First we assessed how providers generally were “managed” and found there were three distinct departments managing provider data using distinct, home-grown excel tools. Turf disputes were common, “siloed” processes persisted and cross-functional data sharing was anything but de-rigeur. Instead of focusing on software, our initial kaizens would be focused on team building and replacing arbitrary functional segregation with customer value-maximizing, flow-enhancing work cells. Addressing root cause conditions took some time, but would enable the later successful selection and implementation of a more comprehensive software solution.

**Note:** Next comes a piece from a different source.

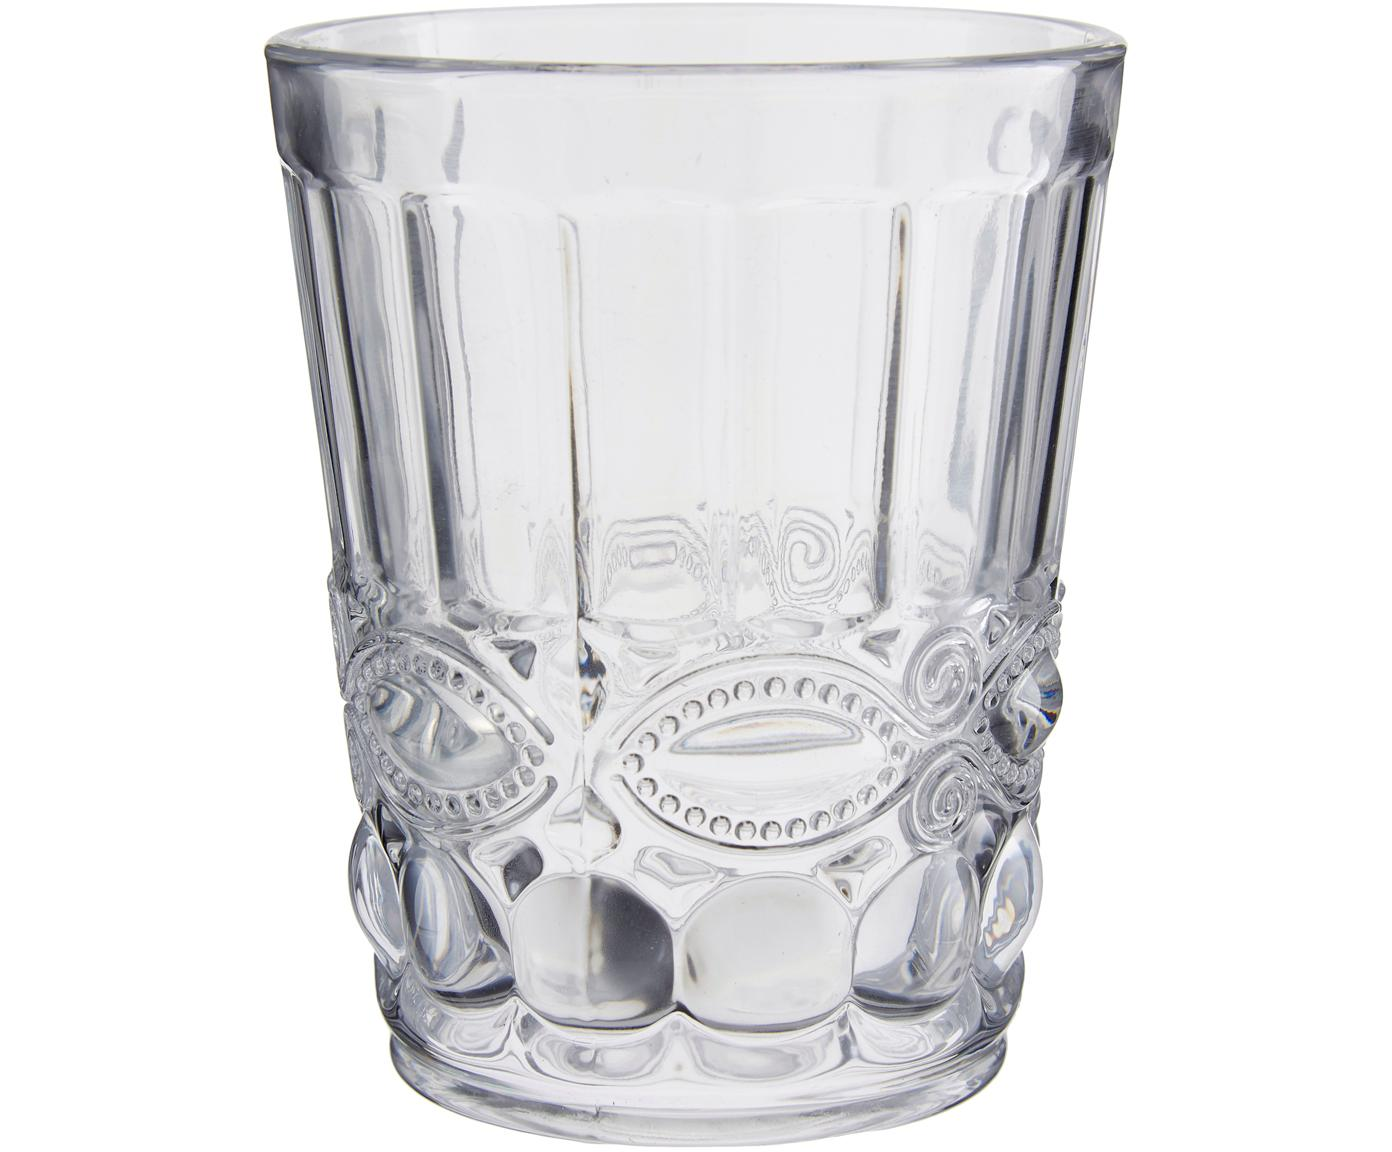 Bicchiere acqua con rilievo Nobilis 6 pz, Vetro, Trasparente, Ø 9 x Alt. 11 cm

Unfortunately I do not possess an accurate Return-On-Investment (ROI) divining rod that indicates whether any improvement project will deliver the goods as estimated. Without a doubt, technology-driven improvement initiatives fail for many reasons beyond than the two I describe. But I have observed that the average post-mortem analysis of a disappointing IT project often does not proceed beyond one or two levels of “why” inquiry and fails to reveal true root cause conditions. At its roots, I see a problem of technology-based biases and beliefs undermining the reliable, non-blinding science of evidence-based improvement methods.